Nos estádios brasileiros existe a salutar proibição de venda de bebidas alcóolicas, de acordo com disposto no Estatuto do Torcedor? “No problem!” A gente muda a lei e permite que durante o certame, as “arenas” possam vender cerveja, mas apenas uma única marca – aquela da exclusividade do patrocinador. Por outro lado, nem mesmo os moradores e comerciantes dos arredores das “arenas” tampouco terão liberdade para ir e vir ou manter suas atividades normais. A FIFA exigiu e obteve a garantia de que a área envolvendo um perímetro de 2 km em torno dos estádios passará a ser submetida aos desígnios da turma de Havelange, Teixeira, Blatter, Valcke, Marin i tutti quanti. A ponto de haverem tentado até proibir a venda de acarajé em Salvador, por suposta concorrência do famoso grupo internacional de comida rápida e de péssima qualidade.

Seleção canarinho e propaganda: cadê a popularização do esporte?

Outro aspecto relevante diz respeito à própria seleção brasileira. Quando a equipe canarinho está em campo, trata-se do time portando a camiseta de toda a Nação. Ora, trata-se de símbolo pátrio, cuja imagem não poderia jamais ser explorada comercialmente. Mas a cada entrevista coletiva de autoridades governamentais, atrás do representante público está um painel com a miríade de empresas patrocinadoras do evento. Jogo da seleção é patrimônio da União e suas imagens televisivas deveriam ser colocadas livremente para serem difundidas por qualquer órgão de comunicação interessado.

Mas o que se verifica, assim como nas negociatas envolvendo as imagens dos jogos do campeonato brasileiro, é a negociação bilionária das redes de TV e as vendas disputadas de cada segundo para os potenciais patrocinadores interessados na divulgação das imagens de suas mercadorias.

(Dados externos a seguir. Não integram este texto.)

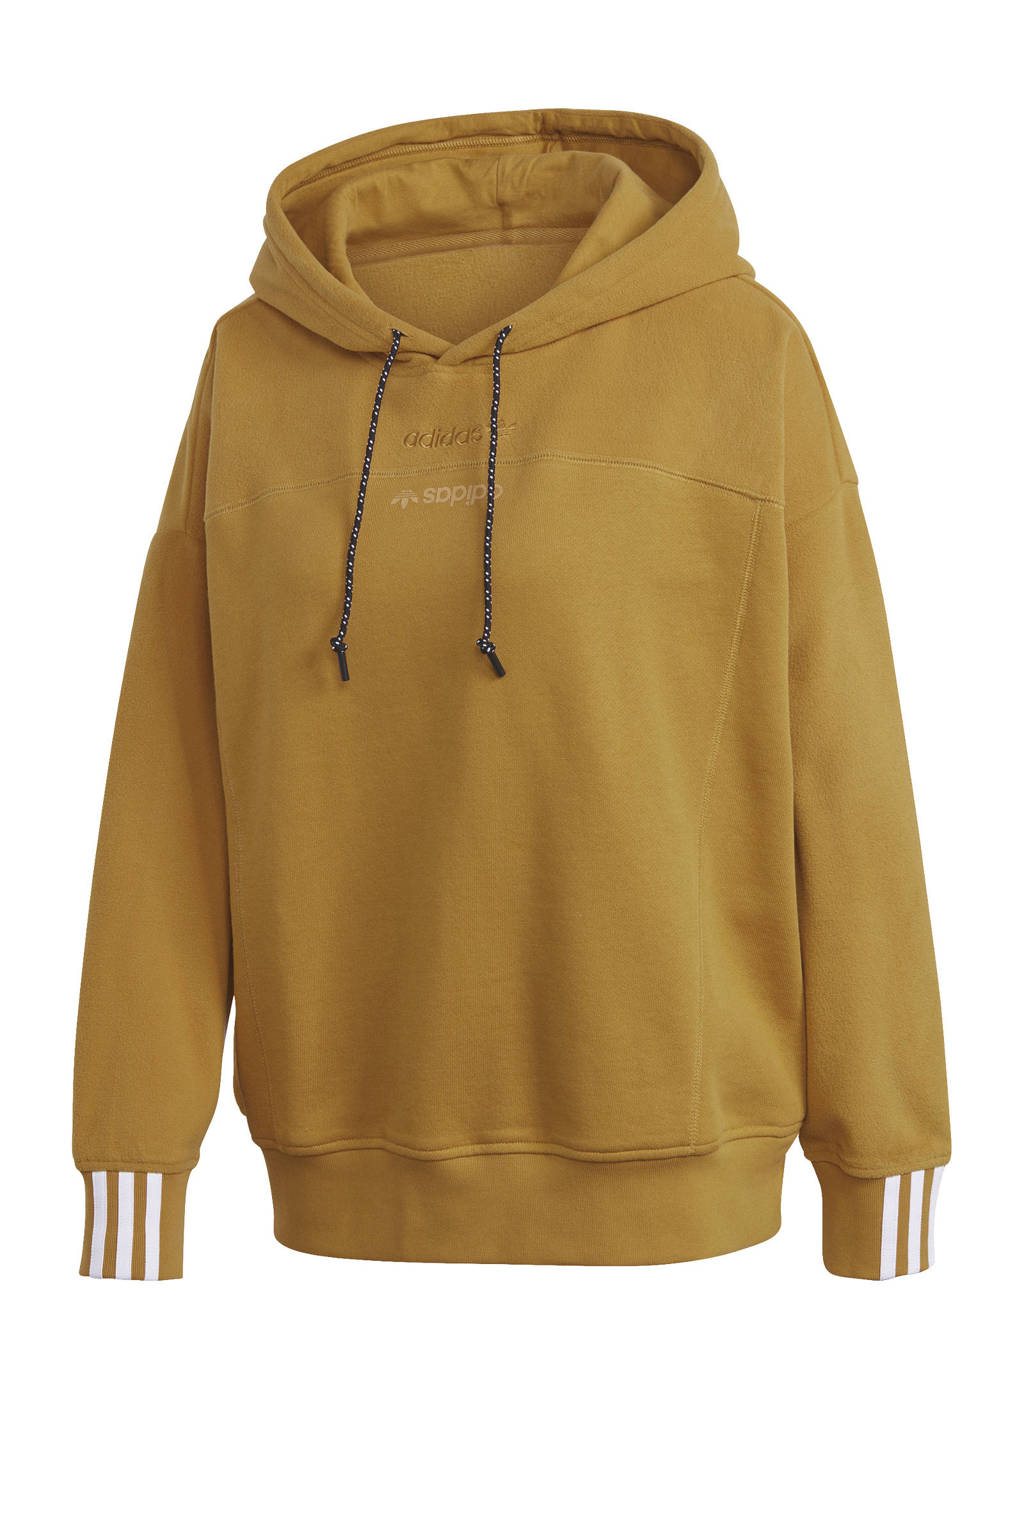 adidas Originals hoodie bruin, Bruin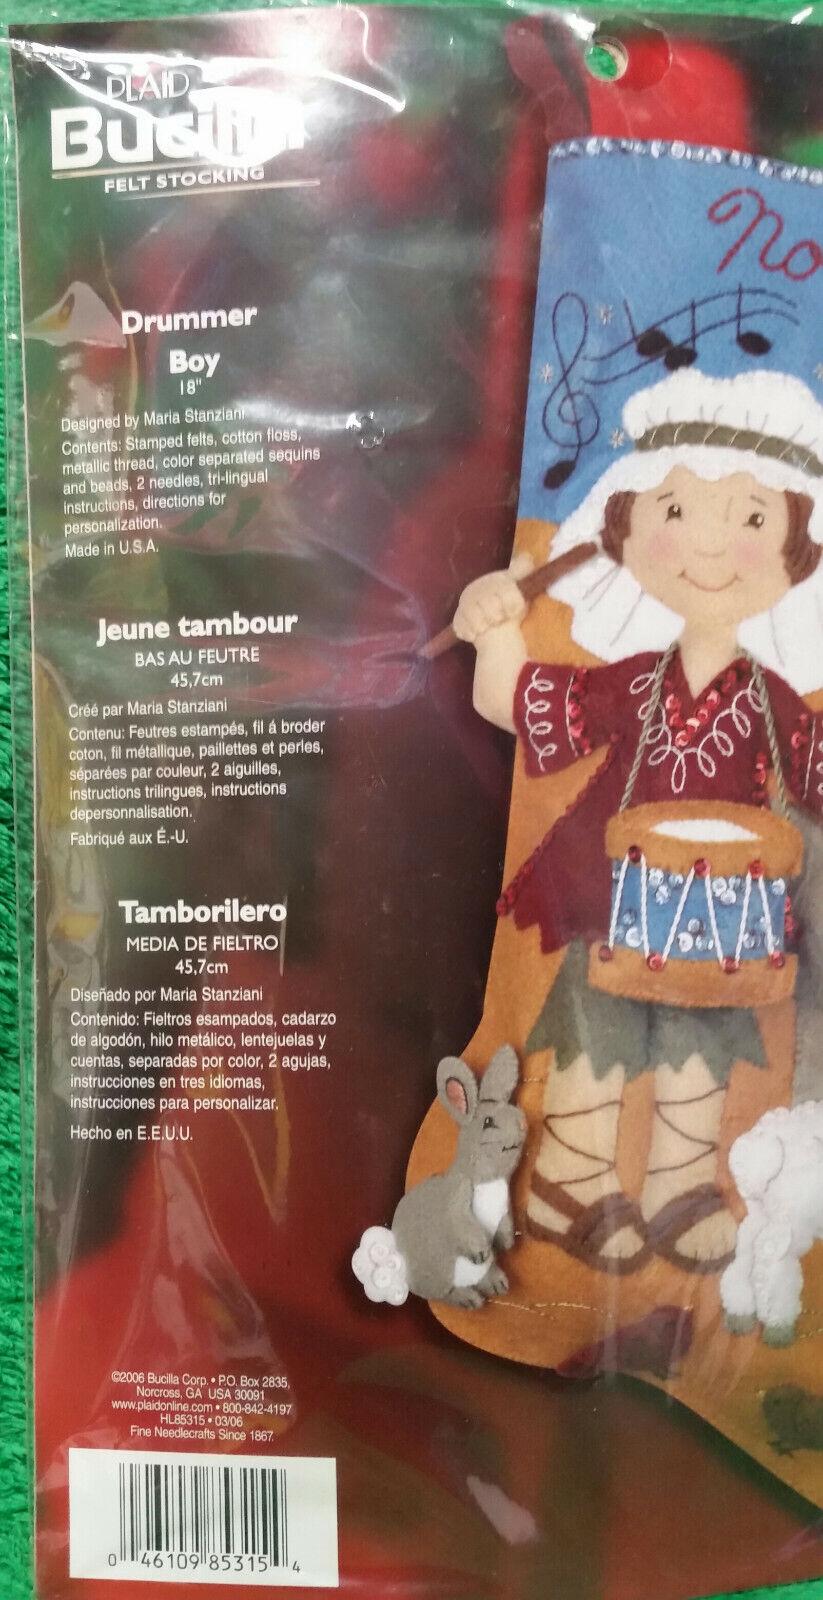 NEW sealed Bucilla Drummer Boy ornament kit set of 6 from 2006 kit # 85338

Infelizmente, esse parece ser o maior legado da Copa. O reforço da mercantilização do futebol, sem nenhuma preocupação em avançar em uma alternativa aa esse modelo esportivo, que é uma mimetização da estrutura concentradora da nossa sociedade e também marcado pela desigualdade e pela competição autofágica. As novas gerações de crianças e adolescentes mais desfavorecidos continuarão na mesma toada da disputa acirrada por um lugar ao sol, sem nenhuma preocupação com a implementação de uma política pública de esportes nas escolas públicas. Oxalá que as trapalhadas e os escândalos da Copa abram espaço para um necessário redesenho do modelo dos Jogos Olímpicos do Rio de Janeiro, a ser realizado daqui a dois anos. Esporte não pode mais ser encarado como mercadoria. Deveria ser, pelo contrário, estimulado como instrumento de inclusão social e cidadania.


 (*) Economista e militante por um mundo mais justo em termos sociais e econômicos.